Percobaan pendistribusian B30 sebagai bahan bakar akan mulai dilaksanakan di delapan wilayah distribusi yaitu, Terminal BBM (TBBM) Rewulu, TBBM Medan, TBBM Balikpapan, TBBM Plumpang, TBBM Kasim, TBBM Plaju, TBBM Panjang dan TBBM Boyolali Jawa tengah.

 

Dengan dimulainya percobaan pendistribusian B30 ini, Pemerintah memperkirakan akan terdapat penambahan bahan bakar nabati yang terserap sekitar 72.000 liter biodiesel hingga akhir uji coba. Adapun untuk mandatori B20 dialokasikan sekitar 6,6 juta KL biodiesel hingga akhir tahun 2019.

 

Sebagai informasi, peningkatan pemanfaatan biodiesel sebagai salah satu energi baru terbarukan (EBT) melalui implementasi B30 merupakan arahan Presiden Republik Indonesia, Joko Widodo dalam upaya untuk menekan defisit.
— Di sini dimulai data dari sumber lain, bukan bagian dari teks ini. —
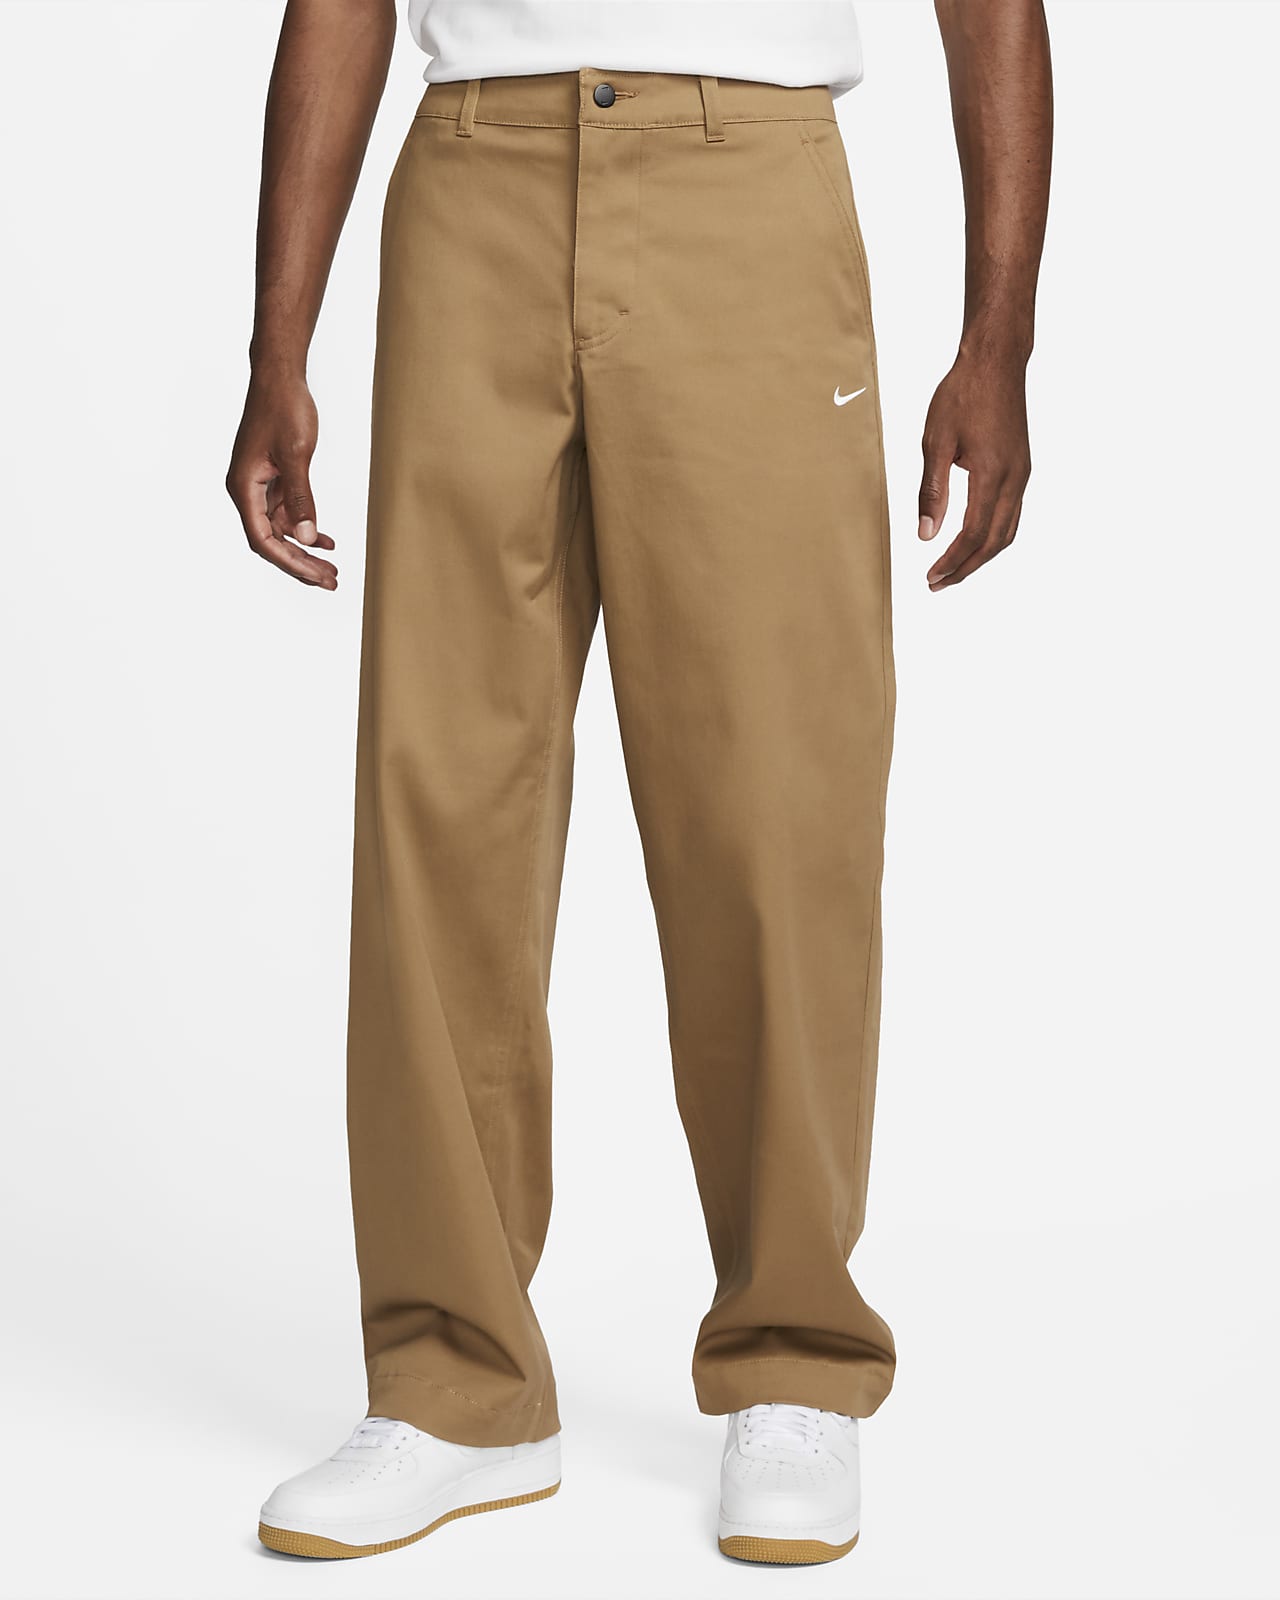 Nike Life Men's Cotton Chino Trousers. Nike LU

Presiden menekankan kembali mengenai langkah-langkah peningkatan produksi minyak di dalam negeri yang harus dilakukan untuk mendukung kebijakan di dalam negeri sekaligus mengurangi impor bahan bakar minyak.

 

“Saya menekankan kembali peningkatan produksi minyak di dalam negeri sehingga segmentasi dari kebijakan energi baru terbarukan juga harus dipercepat lagi terutama percepatan mandatori dari B20 menjadi B30, nanti melompat ke B50 ke B100,” ujar Presiden pada rapat terbatas untuk membahas program-program yang berada di bawah koordinasi Menteri Koordinator Bidang Kemaritiman dan Investasi di Kantor Presiden (30/10).